Interestingly, the UK now has a number of small tilapia farms also growing fish in recirculating systems. Some of these fish find their way to the fish counters of the major retailers and they look very different from the tilapia imported to the specialist ethnic fish retailers that VitaFish hoped to service.
We, at Callander McDowell, suspect that the main reason for the demise of VitaFish is that like several other high profile examples of recirculating farms, the costs were too high and the premium attained for freshness was not high enough. Recirculating systems are still not commercially viable unless the farm can attain a significant price premium for the fish.
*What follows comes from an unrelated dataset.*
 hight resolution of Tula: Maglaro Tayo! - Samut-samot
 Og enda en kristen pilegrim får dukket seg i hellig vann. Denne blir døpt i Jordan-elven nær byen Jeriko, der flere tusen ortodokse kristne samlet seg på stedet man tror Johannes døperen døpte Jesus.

It is unlikely that this view of recirculation systems will change for some time to come.
We believe that this story is relevant because tank based recirculation was one option recently promoted as way of boosting aquaculture production in the UK in a report produced for the British Government’s Department of Environment, Food and Rural Affairs that we discussed in reLAKSation no 411. VitaFish’s failure is clear warning that such systems are still not a commercial solution to boosting aquaculture development.